Your assignment
Transcribe the lines below exactly. No image belongs in the transcription.

Data segment Start Marker

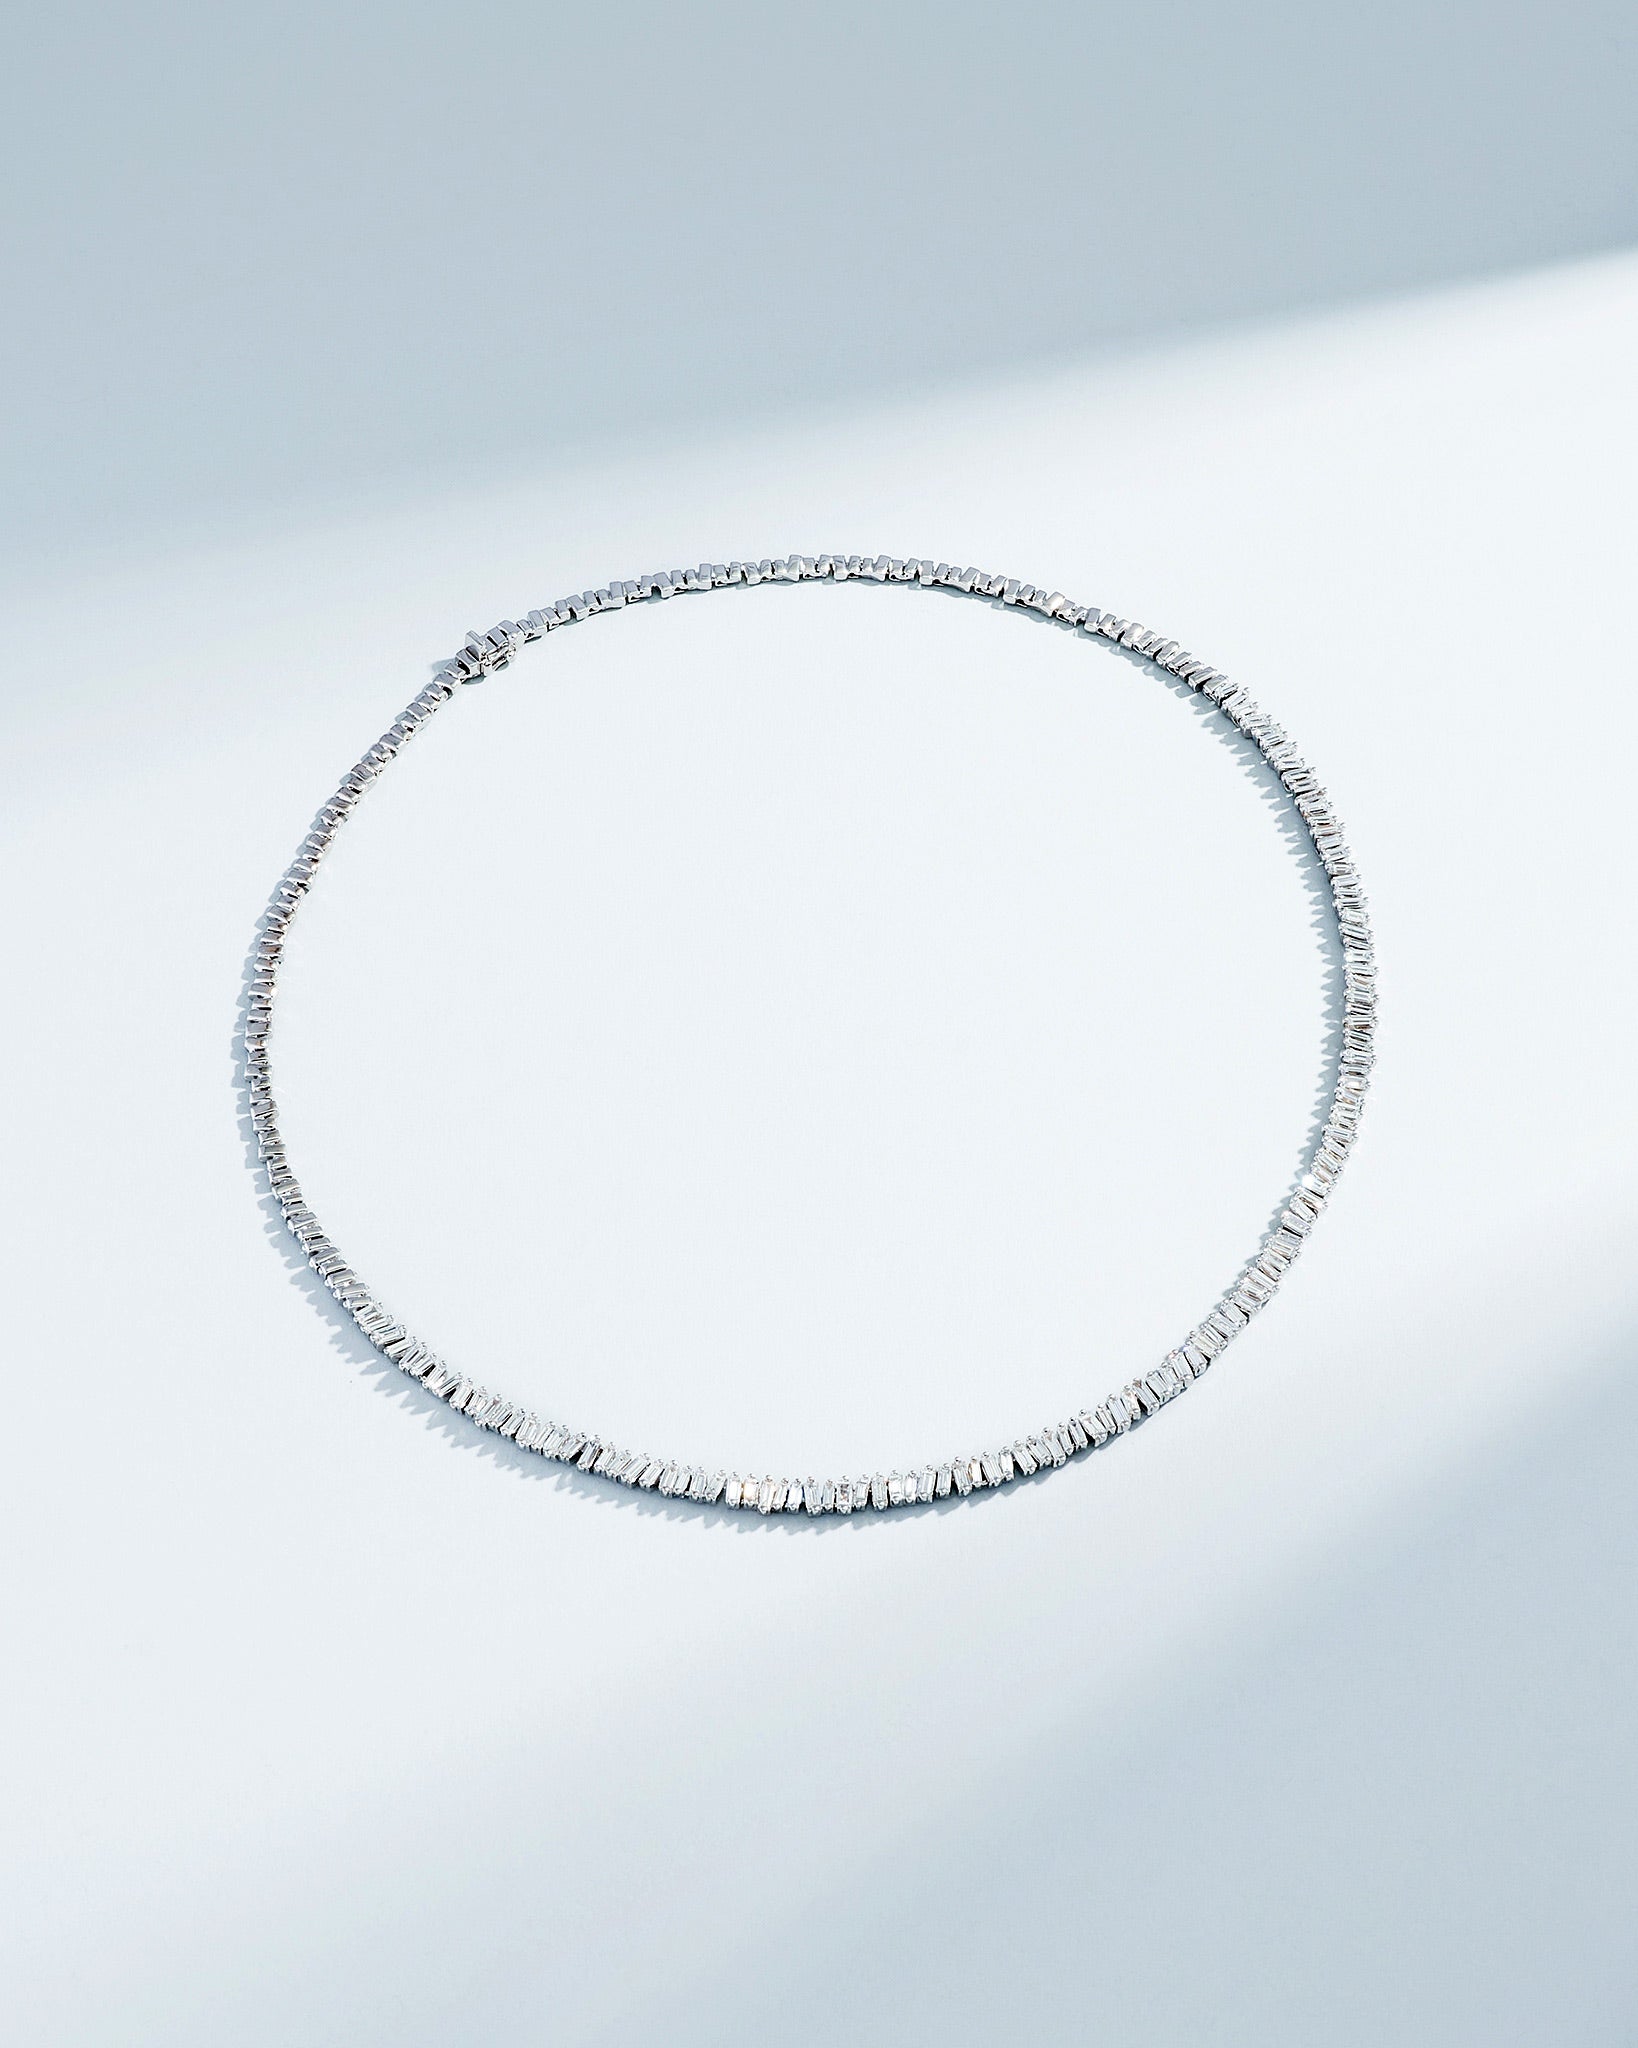 Suzanne Kalan Classic Diamond Tennis Necklace in 18k white gold
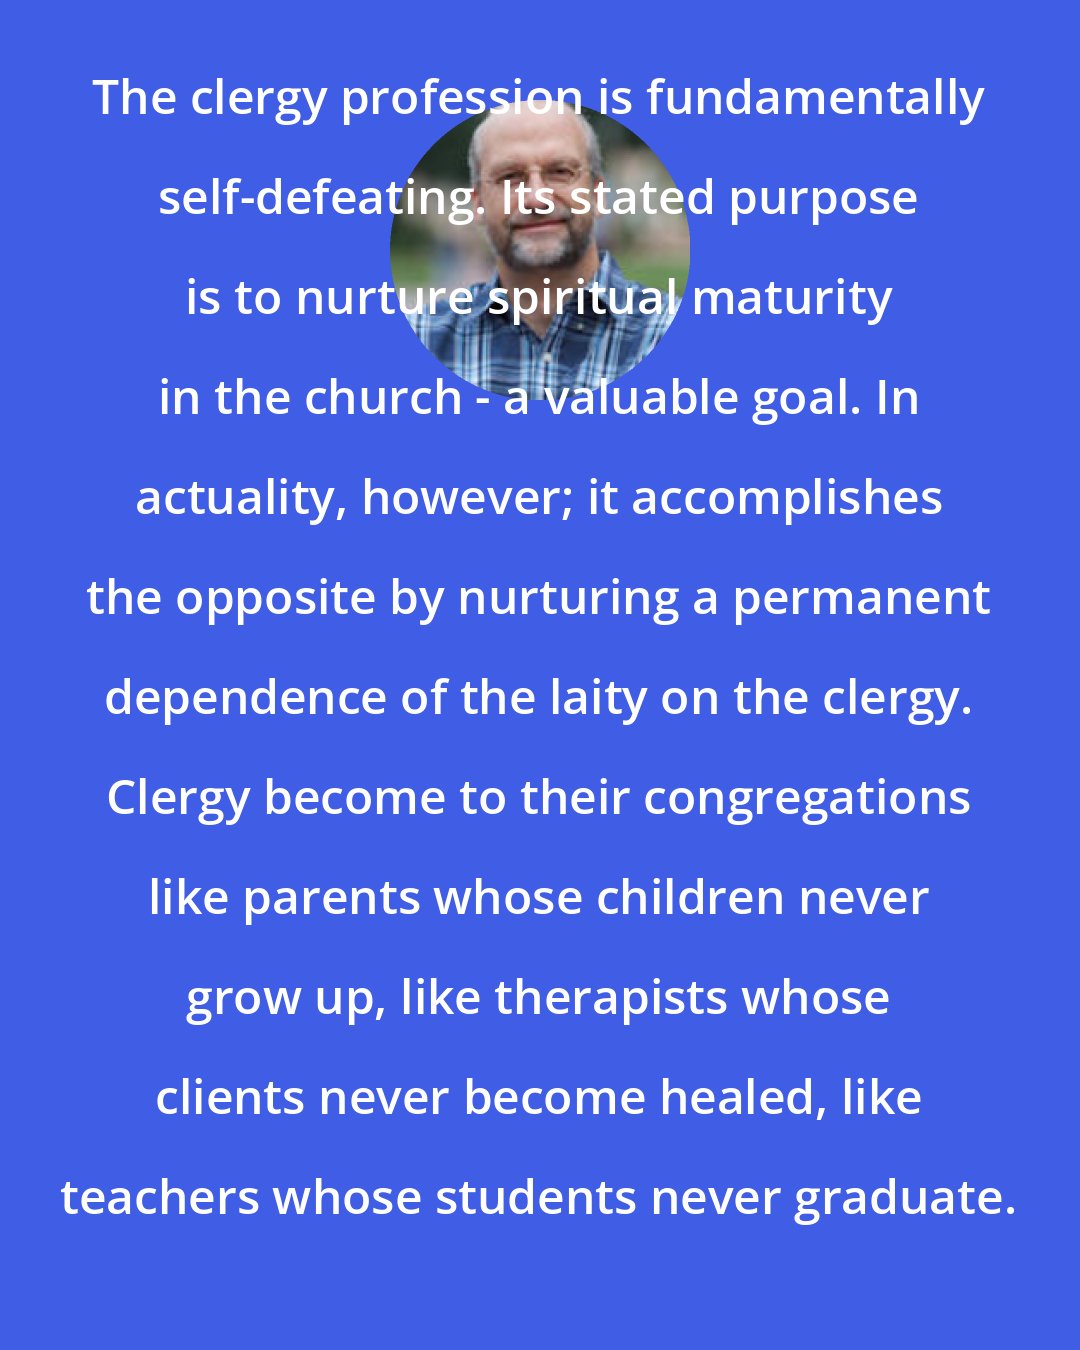 Christian Smith: The clergy profession is fundamentally self-defeating. Its stated purpose is to nurture spiritual maturity in the church - a valuable goal. In actuality, however; it accomplishes the opposite by nurturing a permanent dependence of the laity on the clergy. Clergy become to their congregations like parents whose children never grow up, like therapists whose clients never become healed, like teachers whose students never graduate.
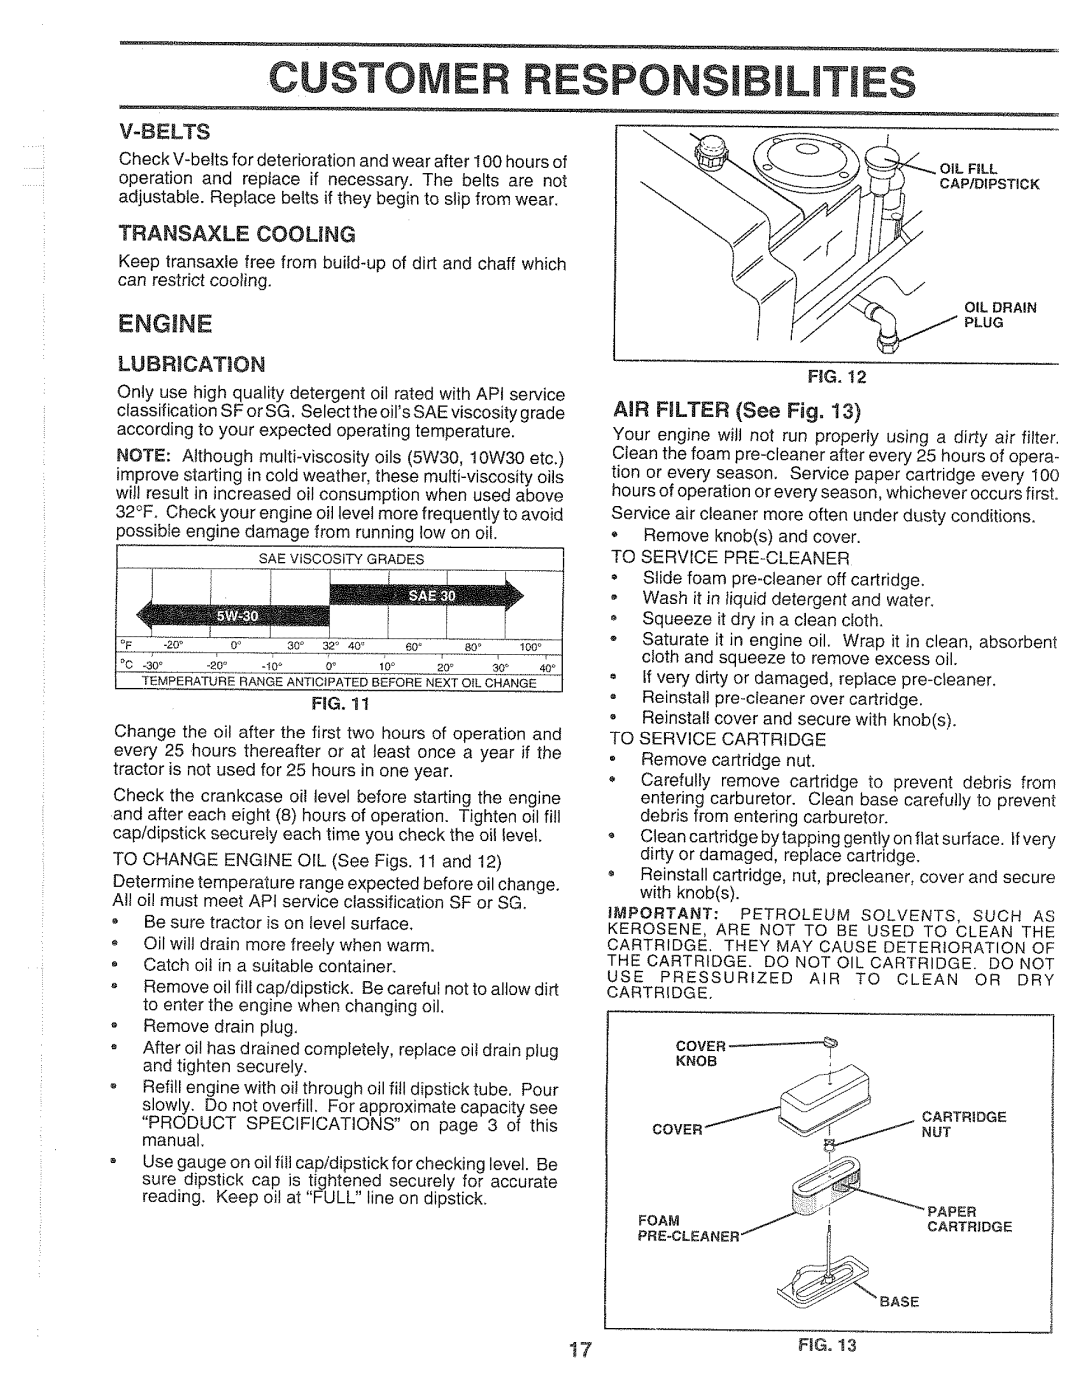 Sears 917.2565 manual Oustome, Espons, L Es, Eng|Ne, V-Belts, Transaxle Cooling, AIR FILTER See Fig, Lubrication

Data segment End Marker

Exercise output
 Suzanne Kalan Classic Diamond Tennis Necklace in 18k white gold
 Christian Smith: The clergy profession is fundamentally self-defeating. Its stated purpose is to nurture spiritual maturity in the church - a valuable goal. In actuality, however; it accomplishes the opposite by nurturing a permanent dependence of the laity on the clergy. Clergy become to their congregations like parents whose children never grow up, like therapists whose clients never become healed, like teachers whose students never graduate.
 Sears 917.2565 manual Oustome, Espons, L Es, Eng|Ne, V-Belts, Transaxle Cooling, AIR FILTER See Fig, Lubrication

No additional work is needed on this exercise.